Updated on June 07, 2022

Comments

  • Jose Ramon
    Jose Ramon almost 2 years

    I am trying to load a .wav file in Python using the scipy folder. My final objective is to create the spectrogram of that audio file. The code for reading the file could be summarized as follows:

    import scipy.io.wavfile as wav
    (sig, rate) = wav.read(_wav_file_)
    

    For some .wav files I am receiving the following error:

    WavFileWarning: Chunk (non-data) not understood, skipping it. WavFileWarning) ** ValueError: Incomplete wav chunk.

    Therefore, I decided to use librosa for reading the files using the:

    import librosa
    (sig, rate) = librosa.load(_wav_file_, sr=None)
    

    That is working properly for all cases, however, I noticed a difference in the colors of the spectrogram. While it was the same exact figure, however, somehow the colors were inversed. More specifically, I noticed that when keeping the same function for calculation of the specs and changing only the way I am reading the .wav there was this difference. Any idea what can produce that thing? Is there a default difference between the way the two approaches read the .wav file?

    EDIT:

    (rate1, sig1) = wav.read(spec_file) # rate1 = 16000
    sig, rate = librosa.load(spec_file) # rate 22050
    sig = np.array(α*sig, dtype = "int16") 
    

    Something that almost worked is to multiple the result of sig with a constant α alpha that was the scale between the max values of the signal from scipy wavread and the signal derived from librosa. Still though the signal rates were different.

  • Jose Ramon
    Jose Ramon over 5 years
    But in order to do the scaling I need to find the min and max from each dataset. Right?That is kind of impossible for me.
  • fstop_22
    fstop_22 over 5 years
    The scale factor is more than likely constant.

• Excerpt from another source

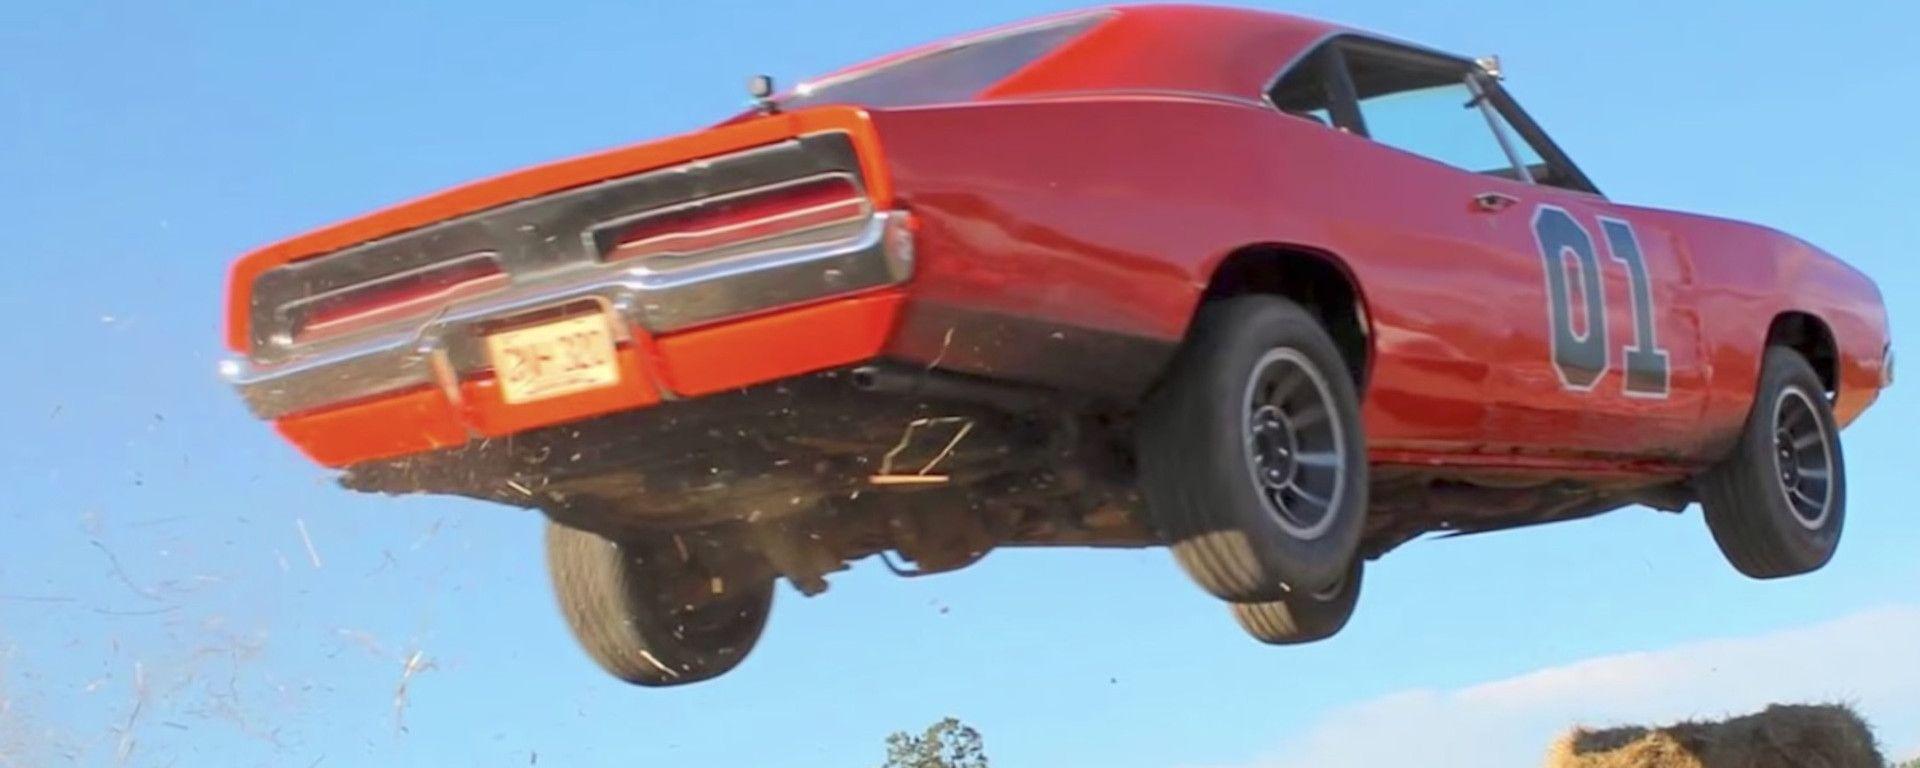 La Dodge Charger Generale Lee del film Hazzard

If it was not, the volume of the wave file would be changing for each block of data that is read.
  • Jose Ramon
    Jose Ramon over 5 years
    I want to read the audio and then calculate the spectrogram following the following examples: haythamfayek.com/2016/04/21/…. I noticed that with librosa and scipy waveread there is a difference in the resulted colors.
  • fstop_22
    fstop_22 over 5 years
    What is the source of the data and what is being used to create the wav file?
  • Jose Ramon
    Jose Ramon over 5 years
    This information is unfortunately something that i do not have access to it. The wav files are part of a database that can be found here: zenodo.org/record/1188976#.XFmYoVxKi73
  • Jose Ramon
    Jose Ramon over 5 years
    Yes I tried that but in a bit arbitary way. I just scale but found the max and min in both cases in 20-30 wav files.
  • Jose Ramon
    Jose Ramon over 5 years
    In that way the spectrograms are kind of similar. Still there is one remaining issue I guess is that both ways have different sample rate. I thought that the sample rate is defined by the .wav file. However, it seems that is not the case.
  • fstop_22
    fstop_22 over 5 years
    The sample rate should be the same. What are values you are getting for sample rates?
  • Jose Ramon
    Jose Ramon over 5 years
    For the scipy wav.read it is 16.000 while for the librosa 22050.
  • fstop_22
    fstop_22 over 5 years
    It sounds like librosa and scipy are using different formats for wav file.